▶ WHAT YOU NEED TO DO
Your output should be the lines below from the one with "肘掛け椅子傭兵素朴なサロン ヘアカラー ボード" through the one with "幻想的ムードのフュージョン風サウンドの未再生の波形", copied exactly, pictures excluded.
Segment Start: MATERIAL FOR THIS EXERCISE
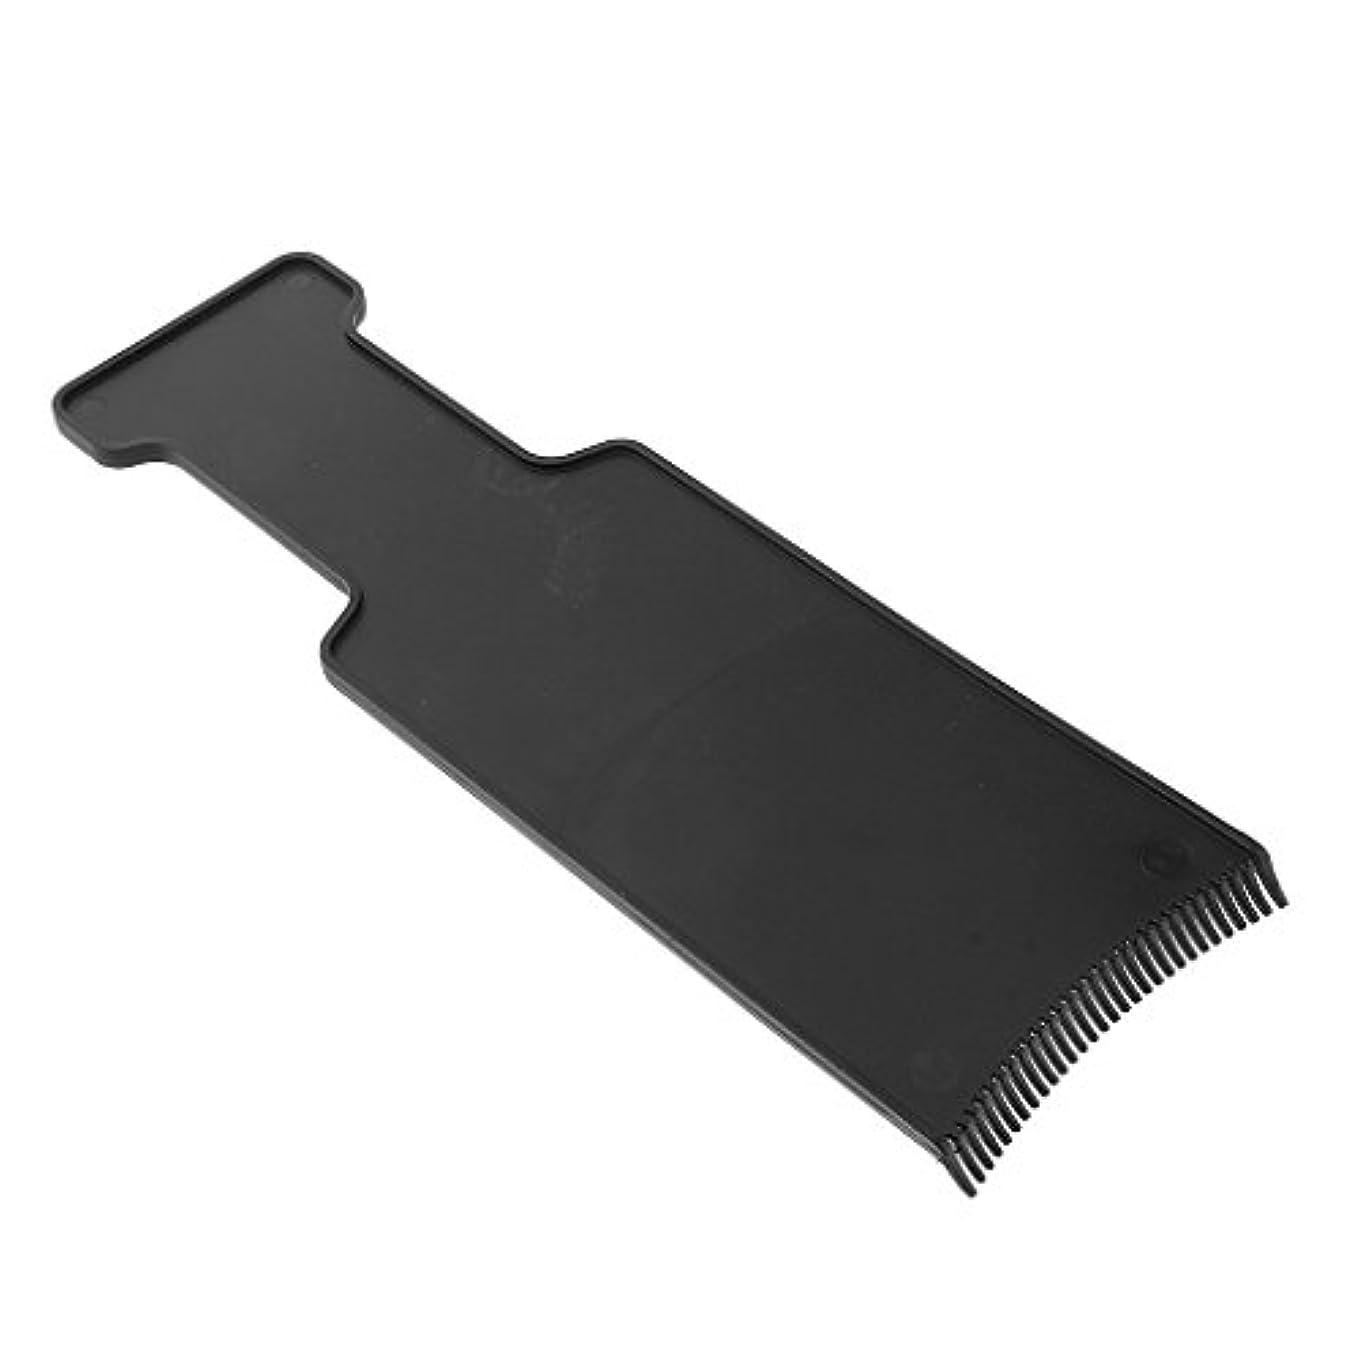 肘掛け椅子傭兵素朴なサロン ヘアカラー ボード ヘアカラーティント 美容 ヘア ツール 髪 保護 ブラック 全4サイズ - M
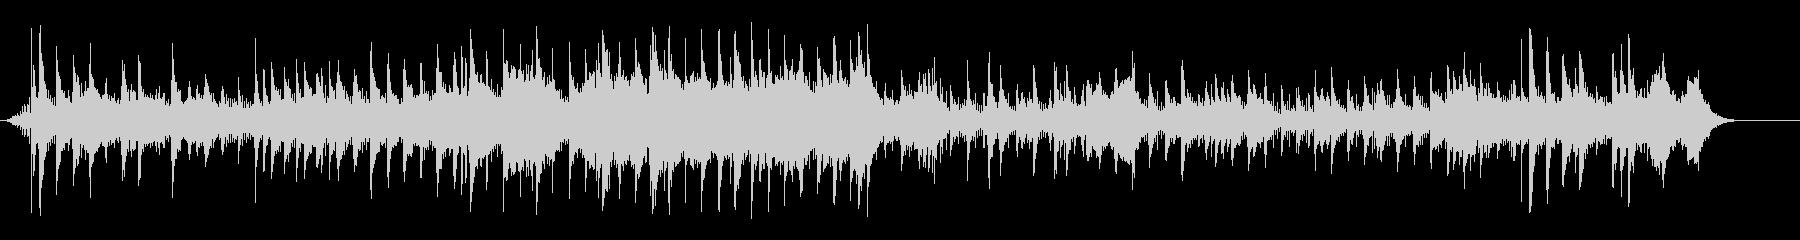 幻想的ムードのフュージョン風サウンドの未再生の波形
Segment End: MATERIAL FOR THIS EXERCISE
Segment Start: MATERIAL FOR THIS EXERCISE
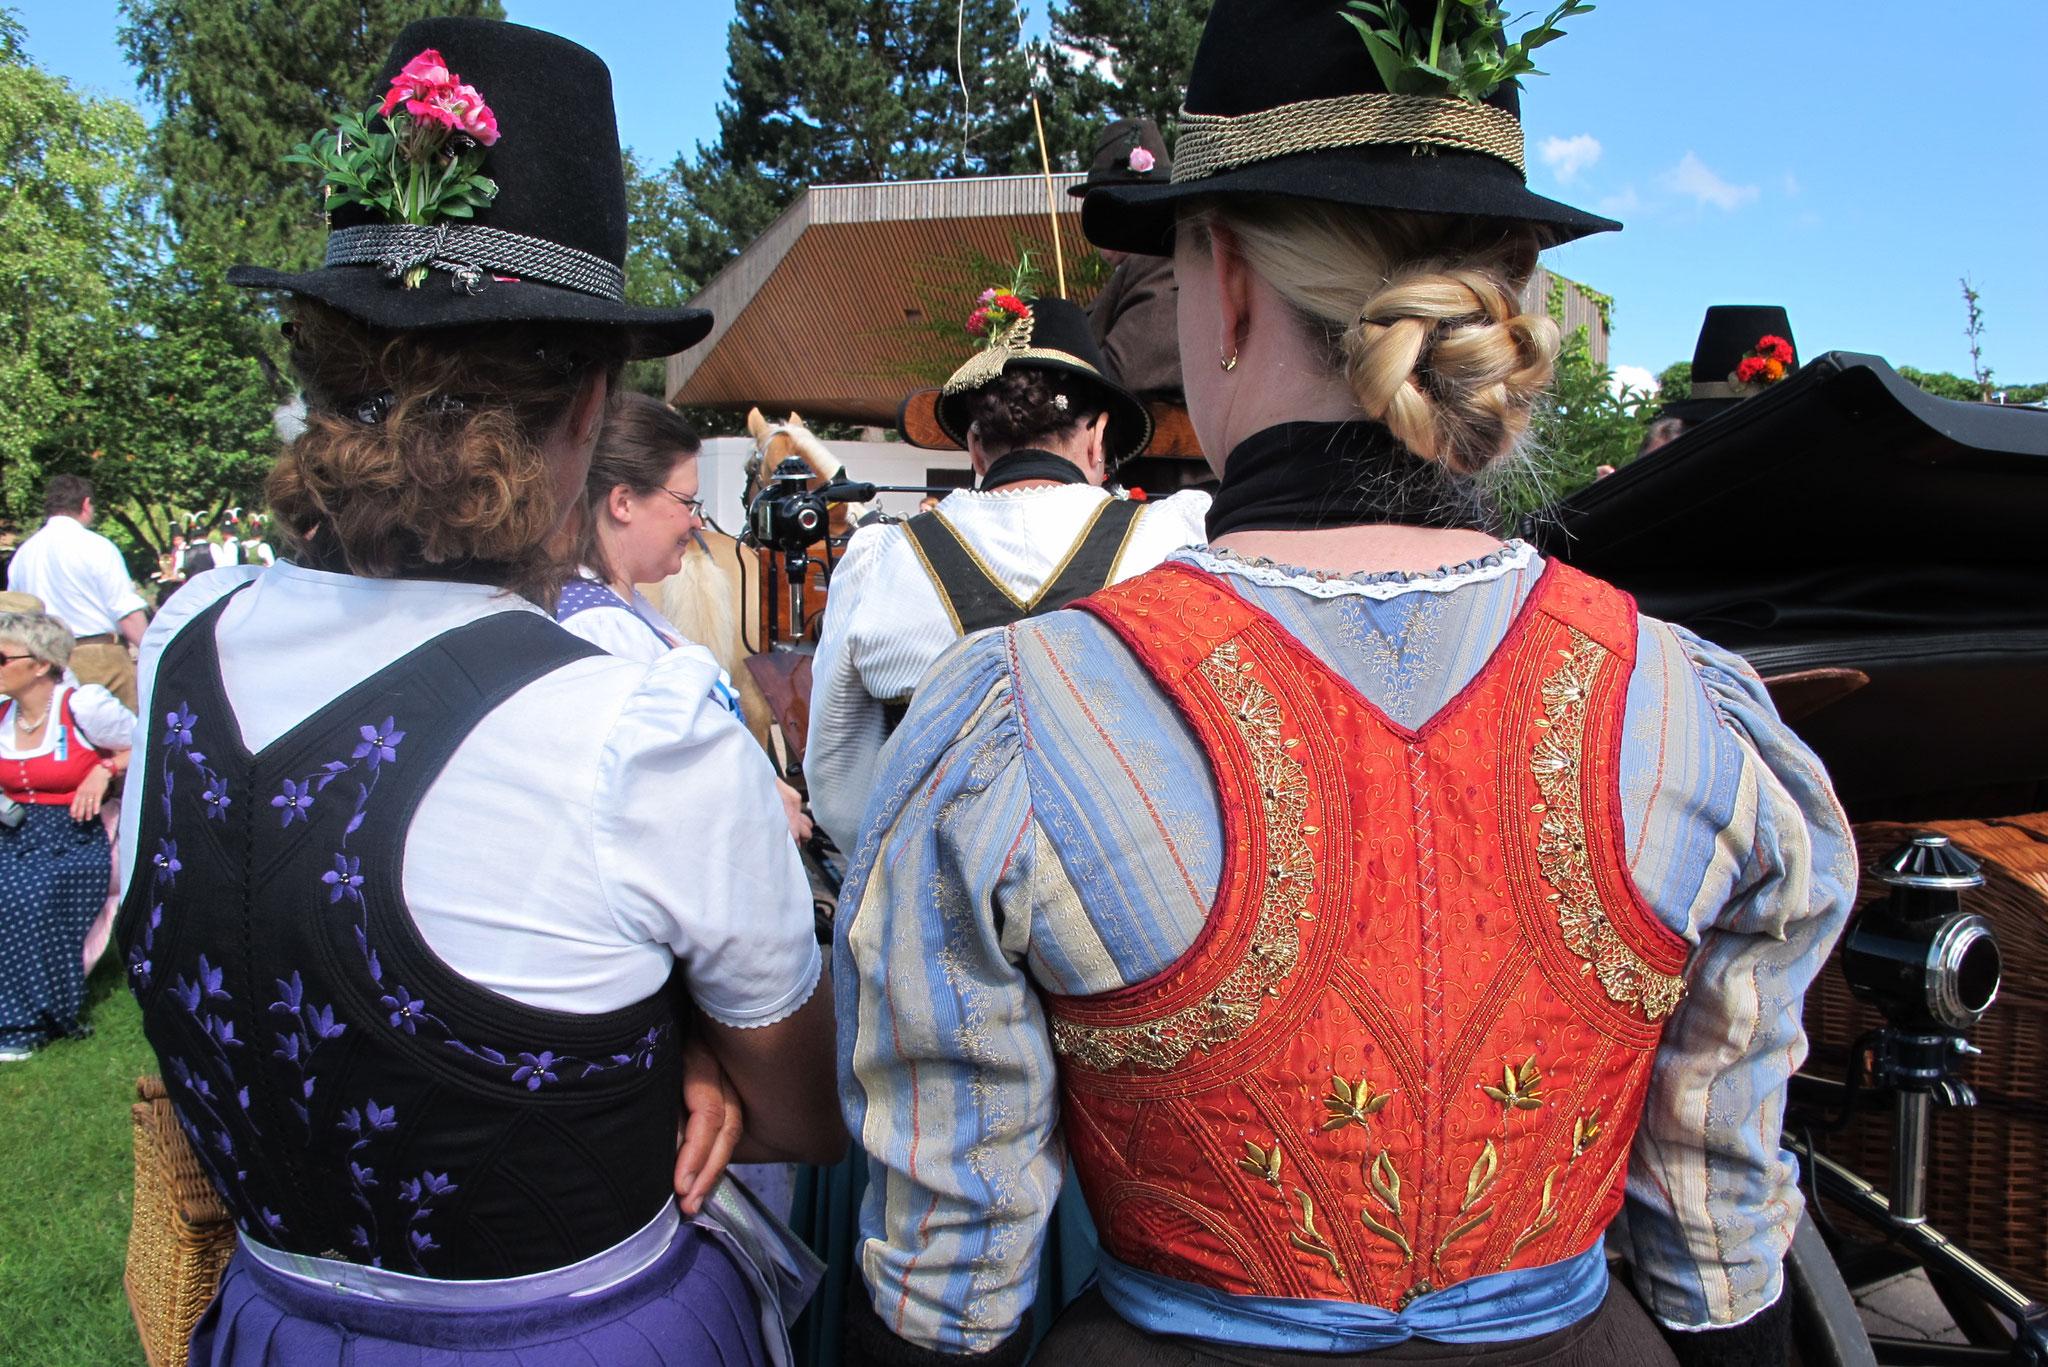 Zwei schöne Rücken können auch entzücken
Segment End: MATERIAL FOR THIS EXERCISE
Segment Start: MATERIAL FOR THIS EXERCISE
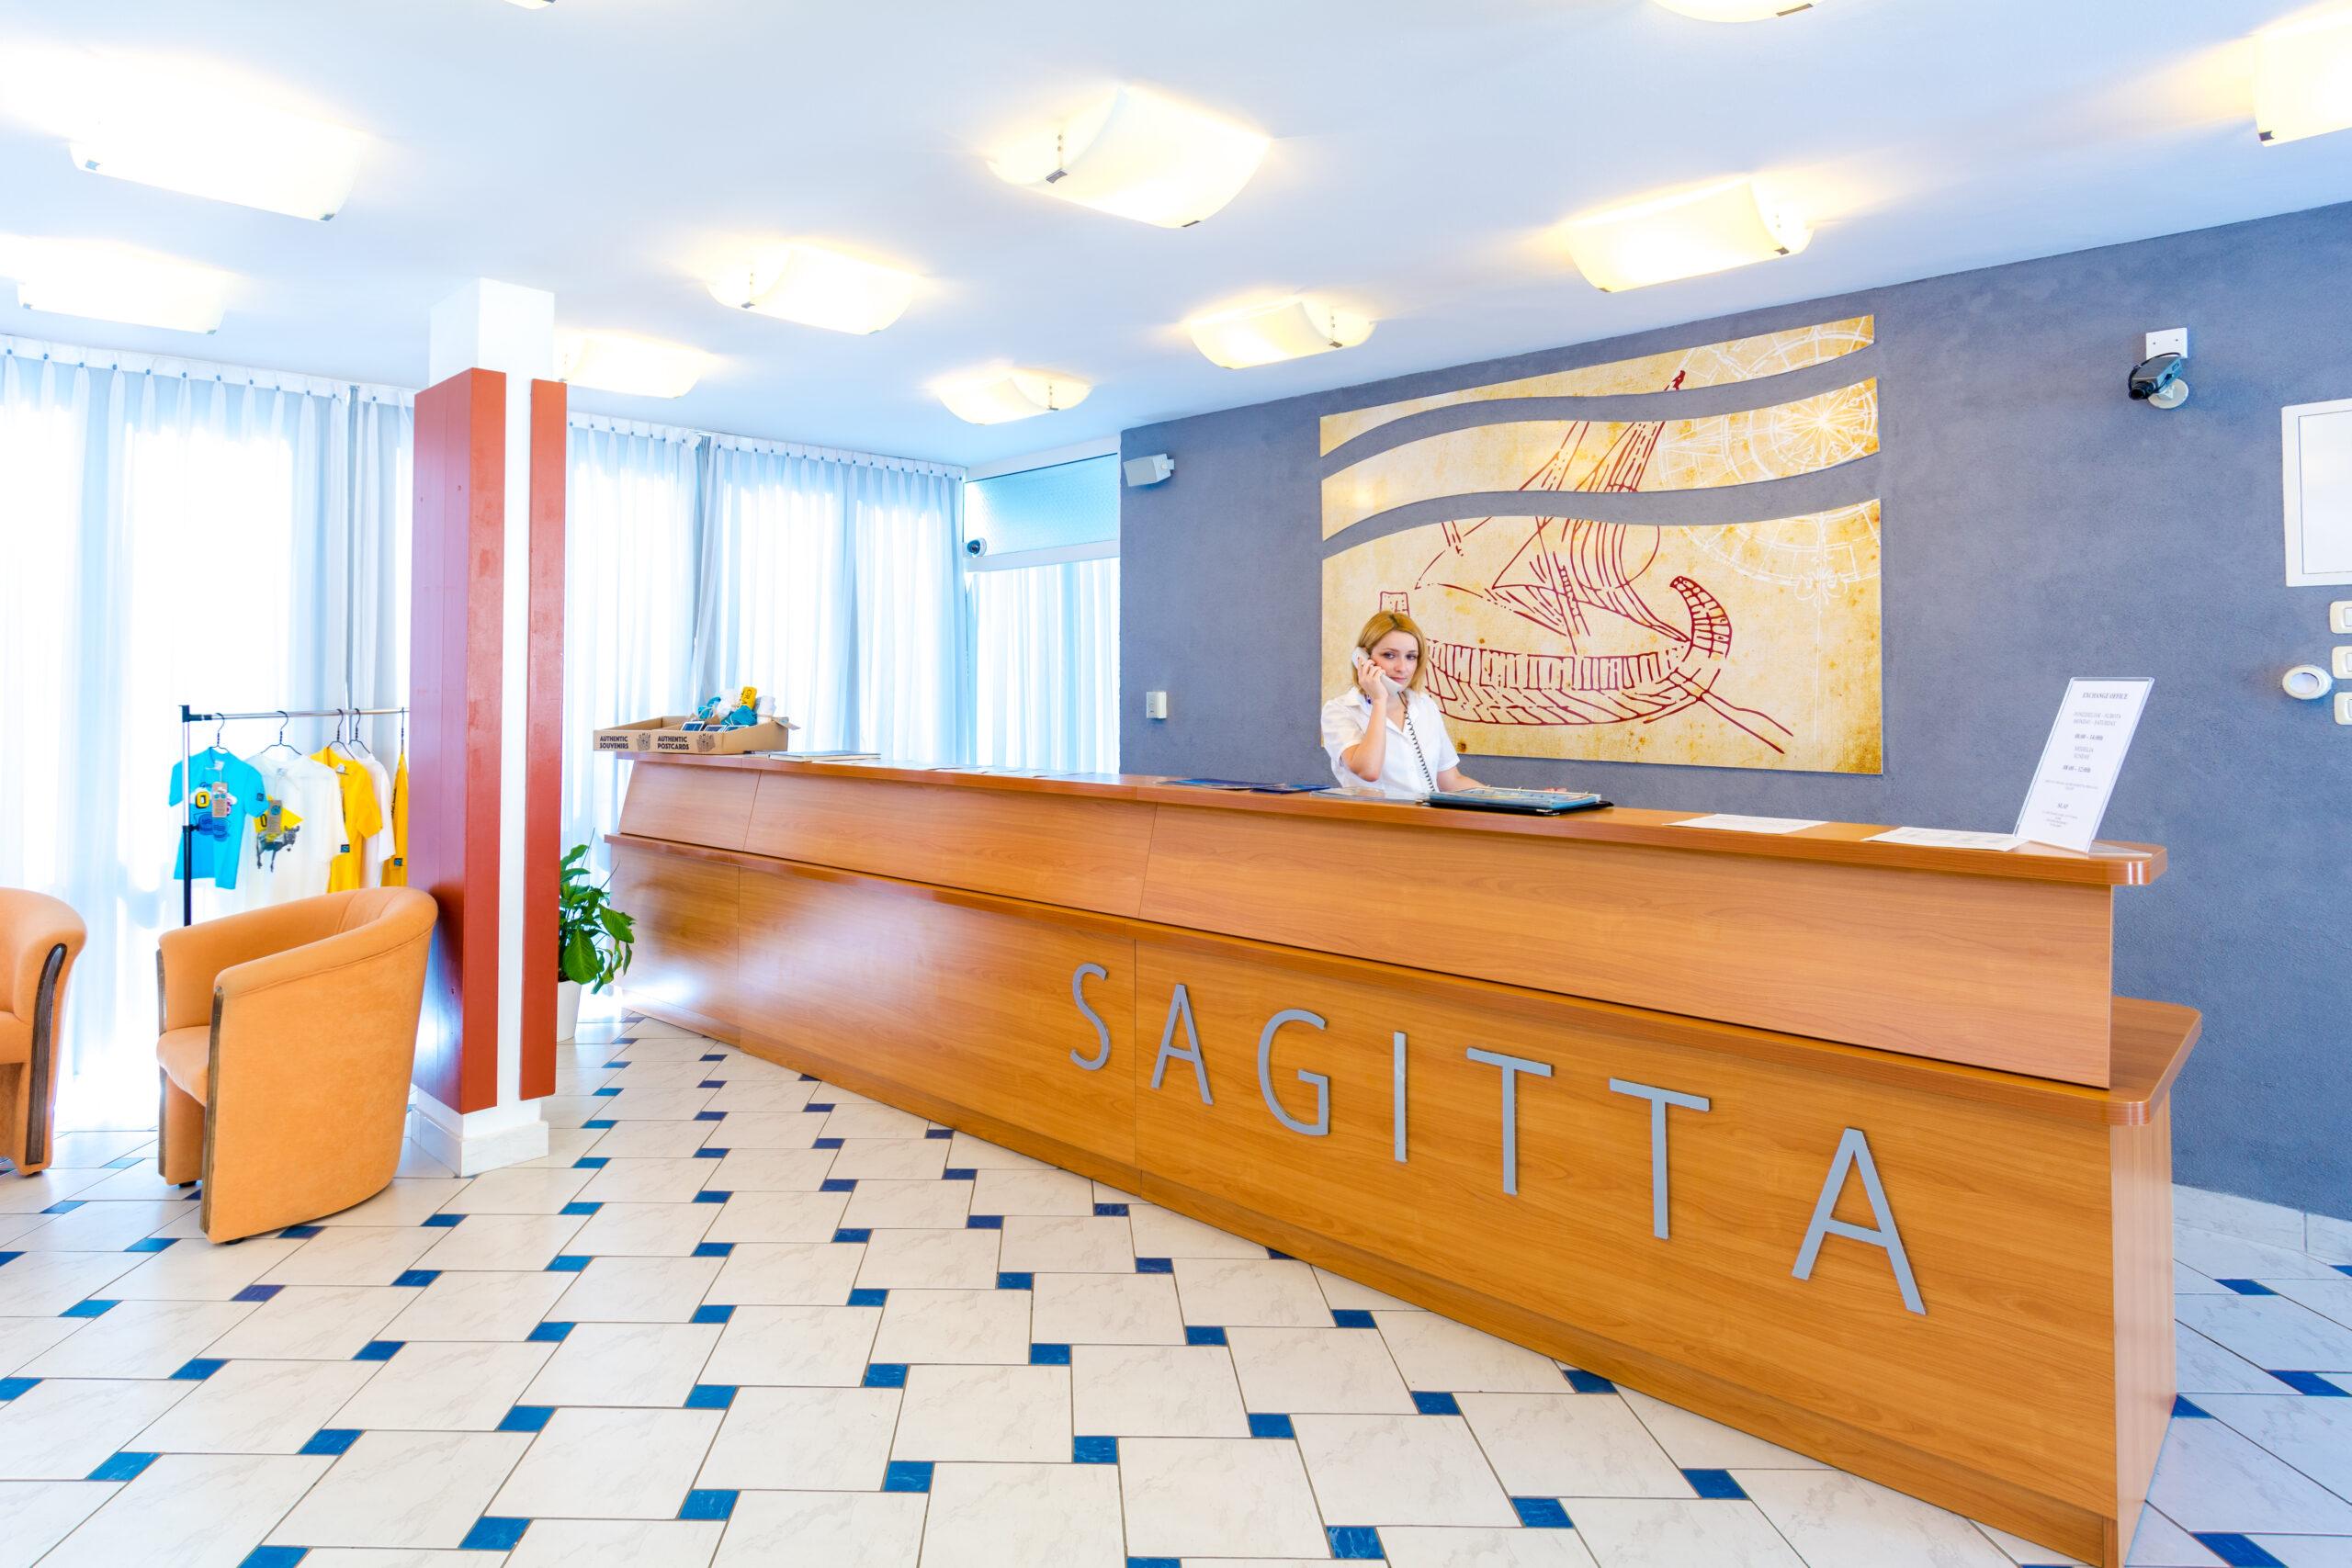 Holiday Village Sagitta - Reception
Segment End: MATERIAL FOR THIS EXERCISE
▶ YOUR SOLUTION
 肘掛け椅子傭兵素朴なサロン ヘアカラー ボード ヘアカラーティント 美容 ヘア ツール 髪 保護 ブラック 全4サイズ - M
 幻想的ムードのフュージョン風サウンドの未再生の波形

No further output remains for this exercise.